Para isso, e para poder continuar relativamente discreto nas suas manifestações de vaidade e orgulho, contava que a companhia e testemunhos do afilhado lhe dariam seguramente muitos pretextos de sobressair mais até.

O africanista, ainda muito lesto nos seus setenta e tal, bastantes deles passados no terrível clima do Zaire e das febres, veio procurá-los à estação para os levar a sua casa numa das belas charretes da sua colecção para uso da família.

Ao atravessarem o largo em frente da gare, quis o rico africanista que parassem à porta duma tasca que abrira depois de inaugurada a linha férrea, mas antes de a clientela começar a aumentar muito, trazida pela mudança de hábitos das pessoas e, sobretudo, pela regularidade e frequência dos comboios que ali foram parando cada vez em maior número, nos dois sentidos, estava a linha a funcionar havia já pelo menos três ou quatro anos.

O africanista exigiu que os companheiros bebessem com ele dum “rico branco” que o tasqueiro lá tinha, reservado em segredo para os melhores clientes, por coincidência produzido a partir das uvas dalguns “produtores muito especiais”, entre os quais ele próprio e os seus melhores amigos.

Comentou, a propósito, o africanista que o tasqueiro era um dos homens mais inteligentes da aldeia, “se não mesmo o mais inteligente para o negócio”, porque se antecipara a todos os mais em vender caro vinhos e petiscos quando ainda ninguém previa o desenvolvimento que a freguesia dos comboios viria a ter. Apesar do risco, o Senhor Oliveira sujeitara-se a pouco ganhar, se não mesmo a perder, durante alguns anos, até o negócio crescer a “ponto de o homem estar hoje a ganhar bom dinheiro”, garantiu o africanista com os olhos a reluzirem-lhe de satisfação pela sorte e engenho do outro.

“Olhem! Vejam aquelas casa ali à direita, na curva… Já foi ele que as comprou e reconstruiu umas, melhorou outras, com o dinheiro do bom vinho que vende aos fregueses. É claro que lhe teria sido muito menos fácil o sucesso, sem a mulher que tem, que é uma destas cozinheiras de petiscos como os senhores não fazem a mais pequena ideia!”

“É ela – acrescentou – que aguenta a minúscula hospedaria que também montaram por cima da tasca depois de perceberem que há sempre gente para o comboio, que quer apanhá-lo cedo e para isso tem de vir de véspera e passar a noite aqui, perto da estação…”

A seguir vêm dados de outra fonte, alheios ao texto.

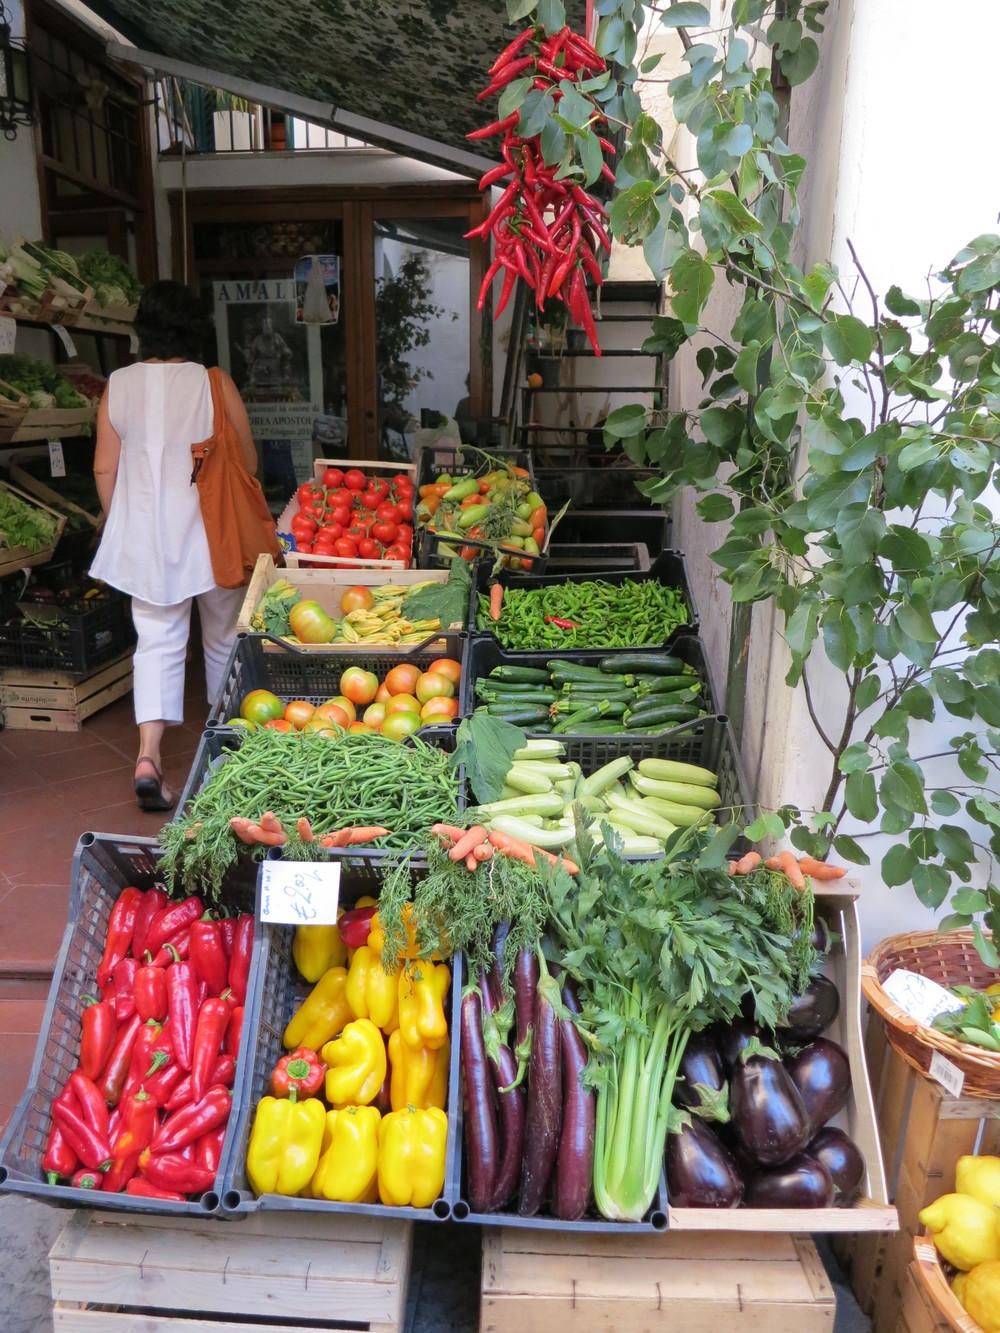 Produce market in Amalfi

“E o mesmo na viagem de volta, compreendem? De modo que os cinco ou seis quartitos estão sempre ocupados! Descobriram bom negócio estes espertalhões! Sem precisarem de ir esturrar a África, hem!”

“Ouvi dizer – completou o africanista – que já lhes ofereceram um dinheirão pelo negócio, mas que eles recusaram um tanto agastados!”

- Admire-se! – respondeu o comendador muito lacónico, a ver se o outro se calava.

E não foi difícil calá-lo, ao menos sobre o assunto da tasca e hospedaria do Senhor Oliveira & Esposa, porque estavam mesmo a chegar à porta da casa do africanista que logo os fez entrar, muito feliz por os acompanhar a verem a casa e a quinta em volta, no que o comendador logo se apercebeu que tinha ele tanto orgulho como era o seu com a Casa das Obras, onde nem uma noite chegara a dormir.

“E sem razão para ter remorsos!” – comentou o “grande capitão” para si, sem querer saber porquê nem por que tinha de ser tão duro e implacável consigo próprio, com remorsos que não deixavam de impor-se-lhe.

A.C.R.

*A linha da Beira Alta, da Figueira da Foz à fronteira, em Vilar Formoso, passa por Santa Comba Dão e estava a funcionar desde 1888, ano da sua inauguração oficial.